I prezzi del gas in Europa continuano a correre e sono ormai sensibilmente superiori non solo a quelli di dodici mesi fa, ma hanno superato i massimi degli ultimi venti anni. In queste stesse settimane i prezzi dell’elettricità in Europa salgono e toccano livelli record. La Spagna lancia un appello all’Europa perché cambi le regole sulle emissioni senza successo. Mentre i prezzi del gas naturale esplodono solo tre anni fa ci saremmo aspettati un incremento degli investimenti, in termini di nuove esplorazioni e impianti, da parte delle società energetiche, invece il ciclo degli investimenti in idrocarburi è fermo al palo. Gli operatori non possono comportarsi secondo le leggi del mercato e sono stretti da una serie di regole e pressioni, per esempio quelle degli investitori, per non investire in idrocarburi. Anche il gas naturale che fino a pochi anni fa era considerato la risorsa di transizione tra il vecchio e il nuovo mondo non è più di moda.
Mentre la domanda recupera, la produzione scende senza nuovi investimenti e alcuni governi, per esempio la Germania, sembrano ancora intenzionati a chiudere diversi giga di capacità nucleare. Le autovetture consumano ancora benzina e le case vengono ancora riscaldate con il gas; le energie rinnovabili non sono ancora in grado di garantire energia stabile e programmabile a costi contenuti e sottopongono la rete a picchi che sono complicatissimi da gestire sia per le esigenze delle famiglie che per quelle delle imprese.
La novità è la decisione con cui l’Europa si è avviata sulla transizione verde che apre, come minimo, una fase particolare in cui le famiglie consumano ancora come prima con gli stessi strumenti di prima mentre la disponibilità di fonti tradizionali scende rapidamente.
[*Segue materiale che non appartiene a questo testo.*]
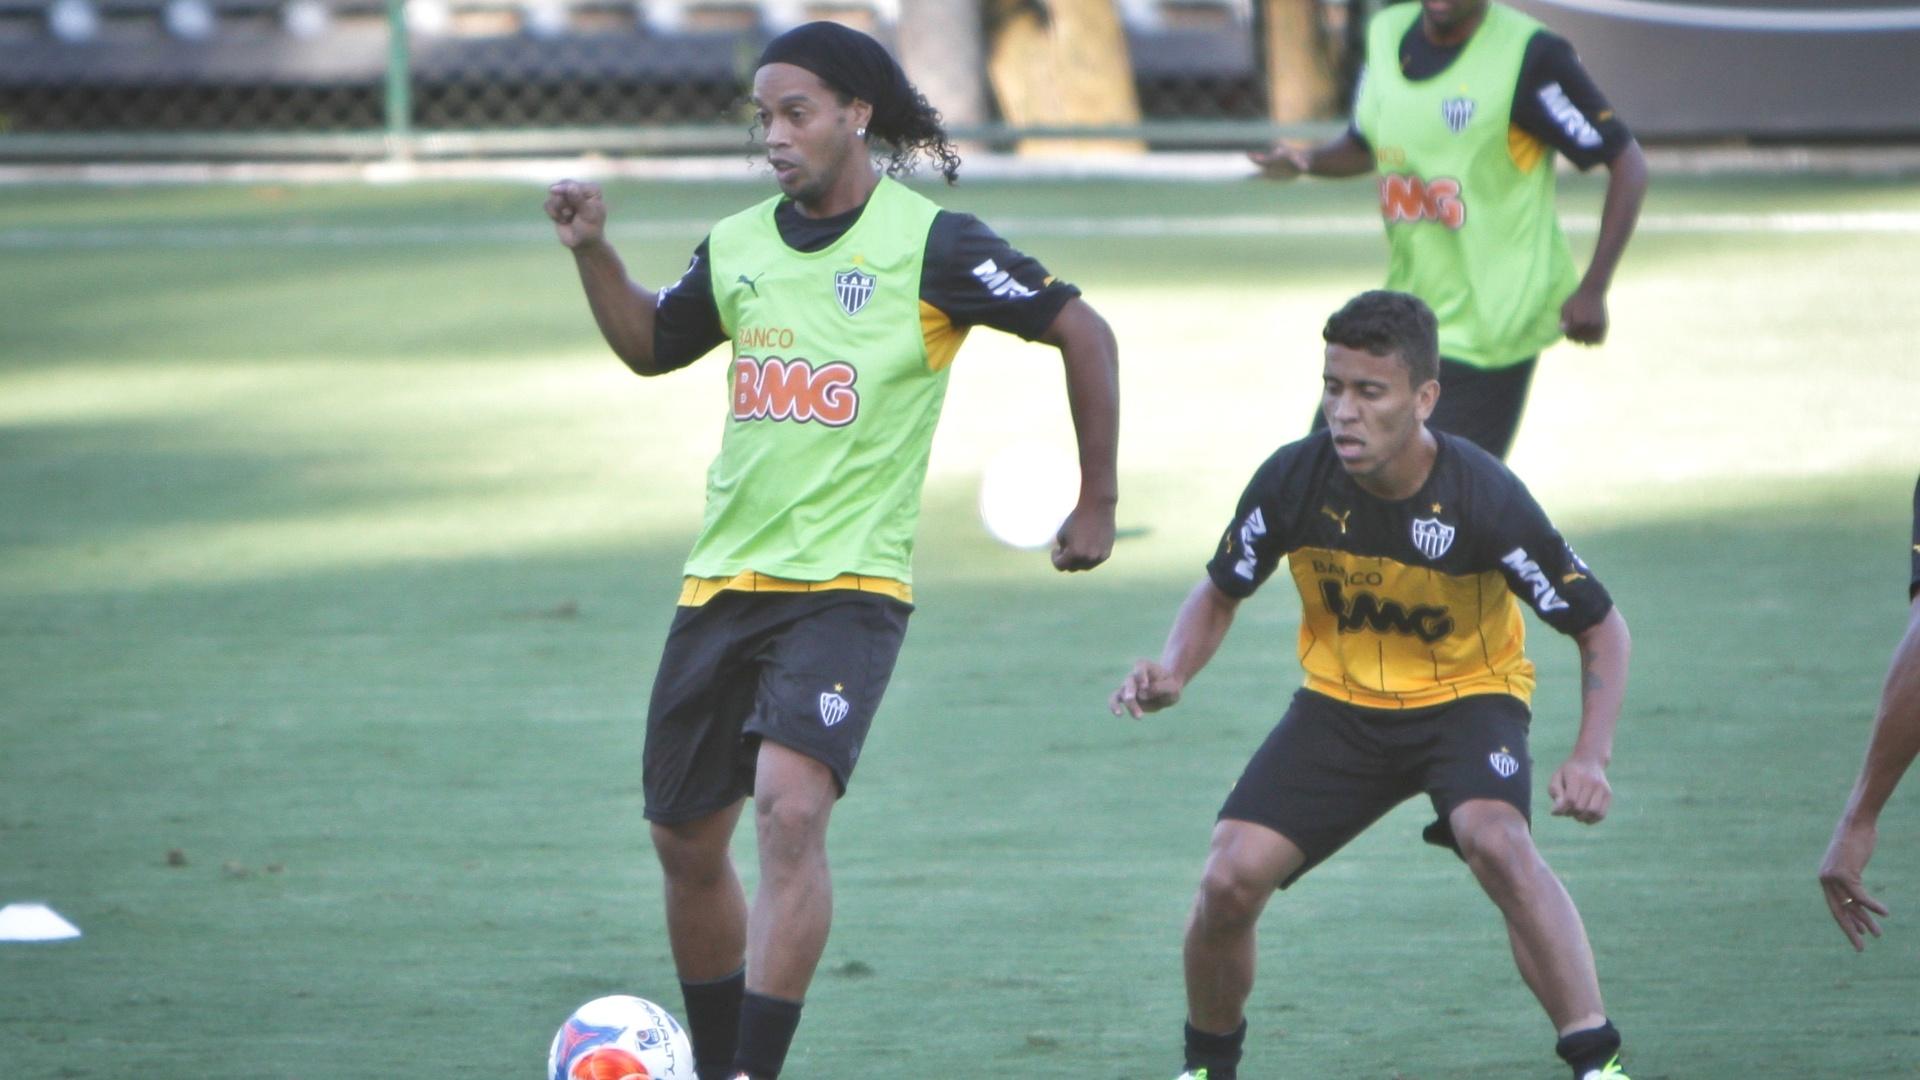 28 mar. 2014 - Ronaldinho Gaúcho participa de treino do Atlético-MG na Cidade do Galo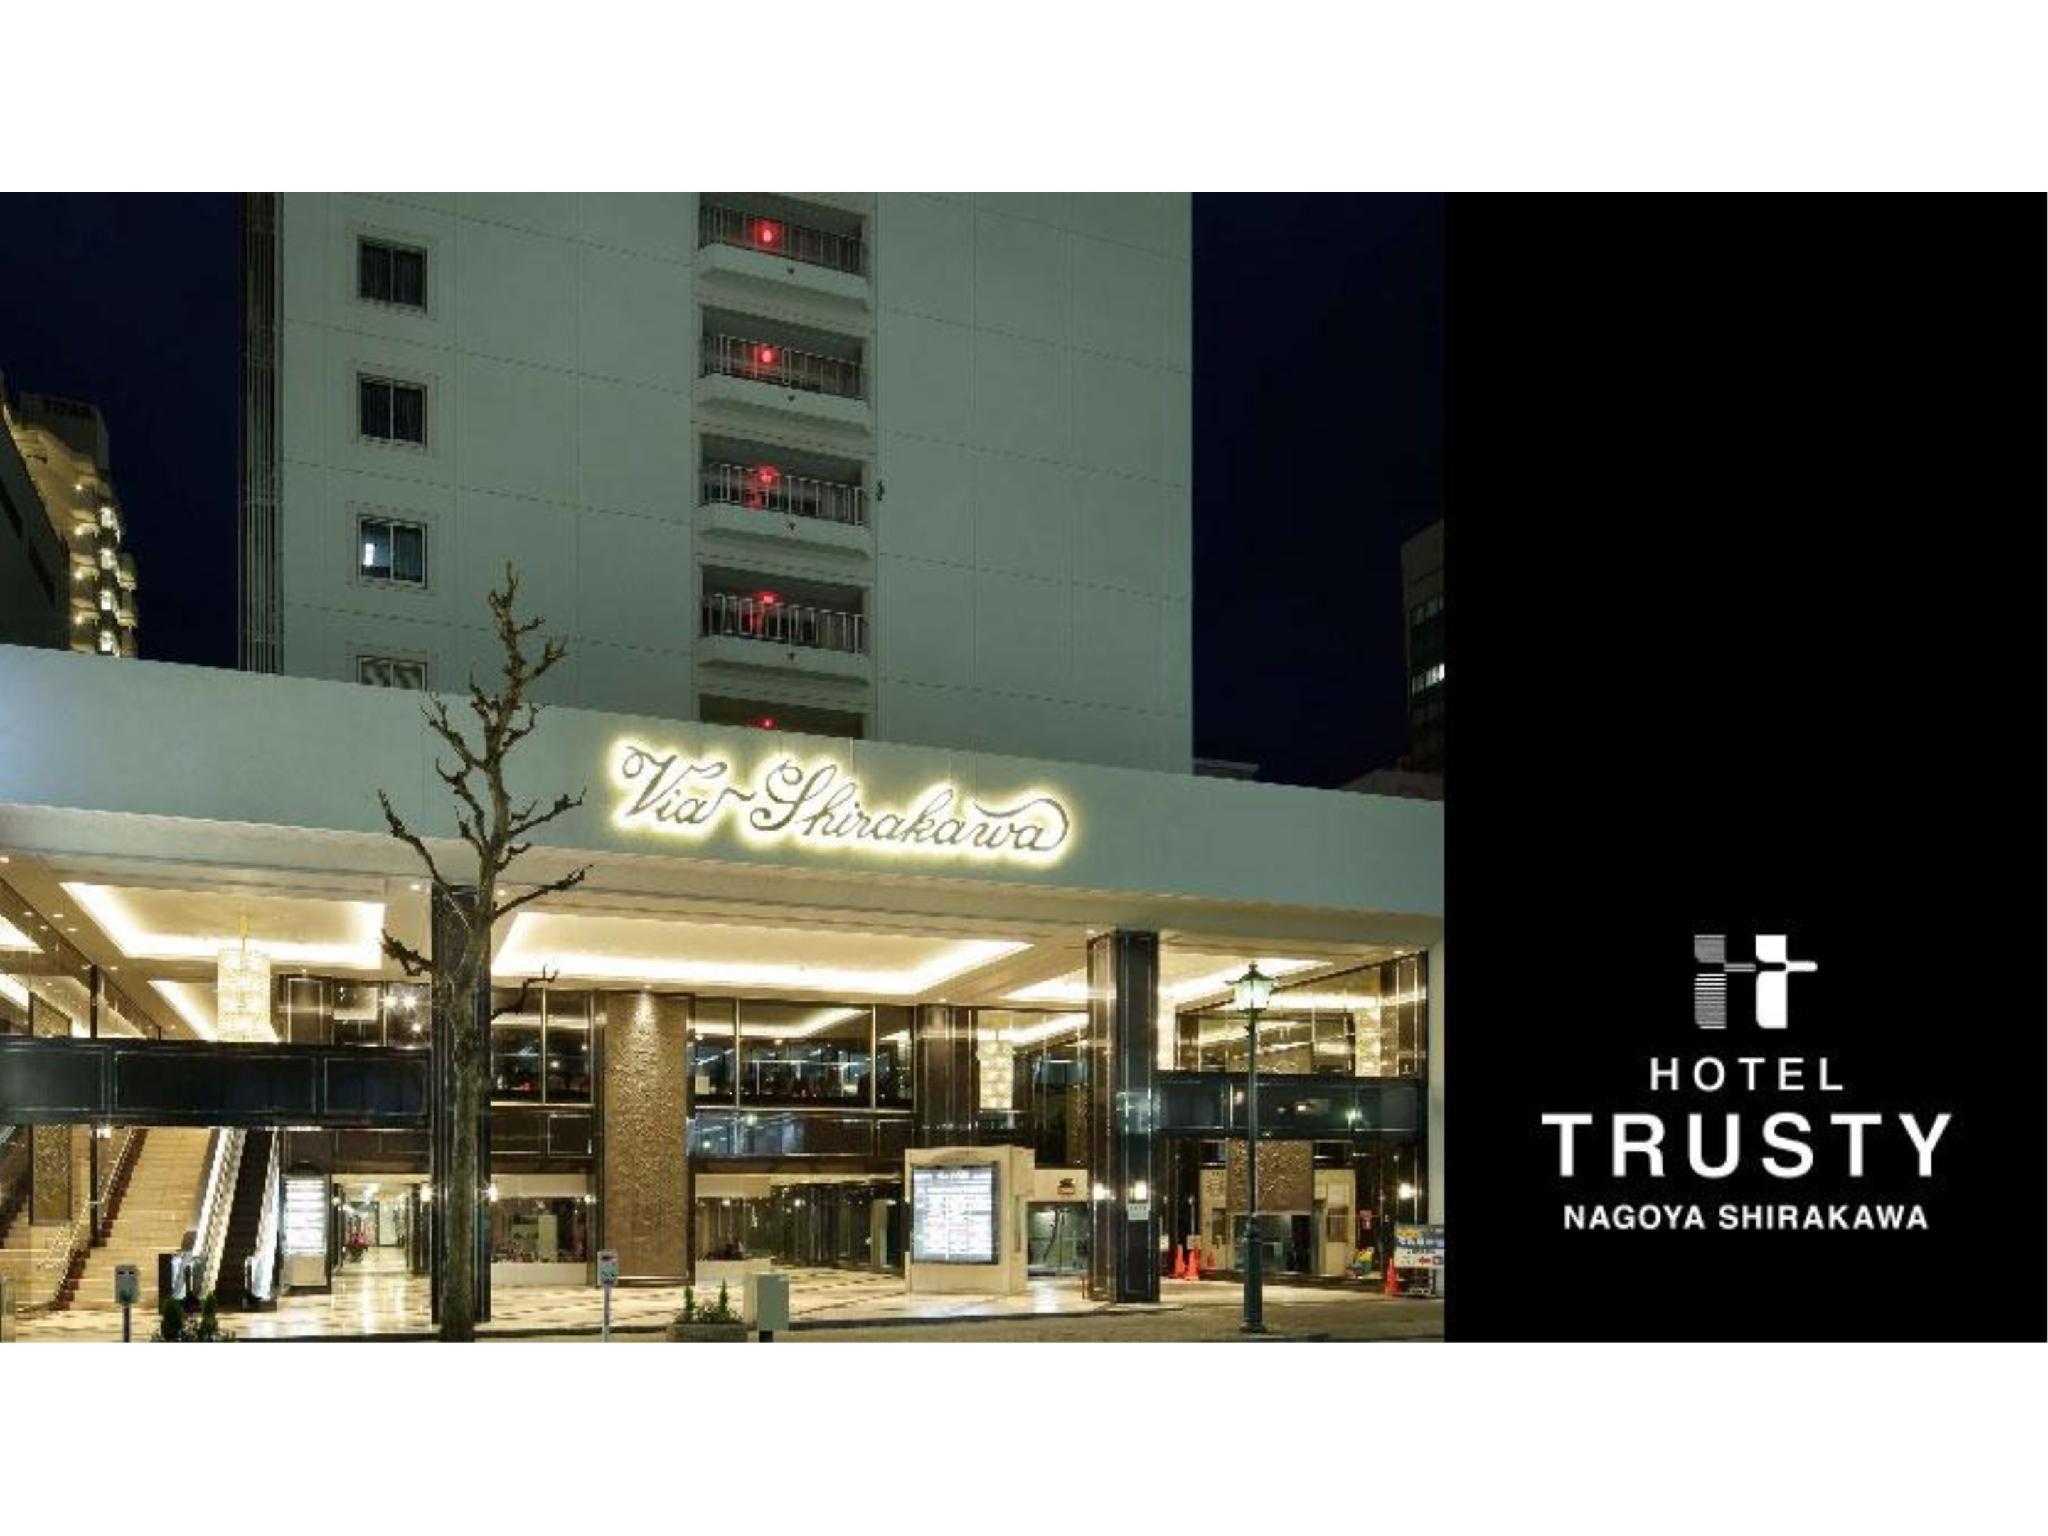 Sun Hotel Nagoya Via Shirakawa

Nessun’altra area globale ha deciso di avviare questo percorso e la ragione evidente è il costo enorme di questa scelta sia per il sistema industriale che per i consumatori.
La salita dei prezzi del gas è particolarmente preoccupante perché avviene in una stagione, l’estate, di bassi consumi mentre la spesa dei consumatori si concentra in inverno. Non è chiaro se le energie rinnovabili siano in grado di sostituire quelle tradizionali in termini sia di disponibilità che di costo. L’impatto ambientale è una domanda aperta perché, per esempio, i piani per incrementare la produzione di materie prime per i motori elettrici sono estremamente invasivi per l’ambiente e qualche riflessione si potrebbe fare anche sui parchi solari ed eolici.
Quello che invece diventa sempre più certo è il costo di questa fase di transizione attuata con questa velocità e con queste modalità. I lockdown del 2020 e del 2021 hanno “nascosto” il problema imponendo una stretta sui consumi. Oggi che l’economia riapre e che sono passati altri dodici mesi di mancati investimenti nelle fonti tradizionali il problema emerge e sembra portare a uno scenario in cui i consumatori devono scegliere se consumare molto meno o pagare molto di più. Il programma di aiuti statali che l’Europa potrebbe avviare per tutelare le fasce più deboli non risolve il problema perché la disponibilità di energia è un limite fisico che non può essere risolto da immissioni di liquidità, nuove tasse o sussidi.
Se il limite fisico della disponibilità di energia dovesse materializzarsi l’unico modo per garantire le fasce più deboli sarebbe imporre a tutti un limite “green” all’utilizzo di energia.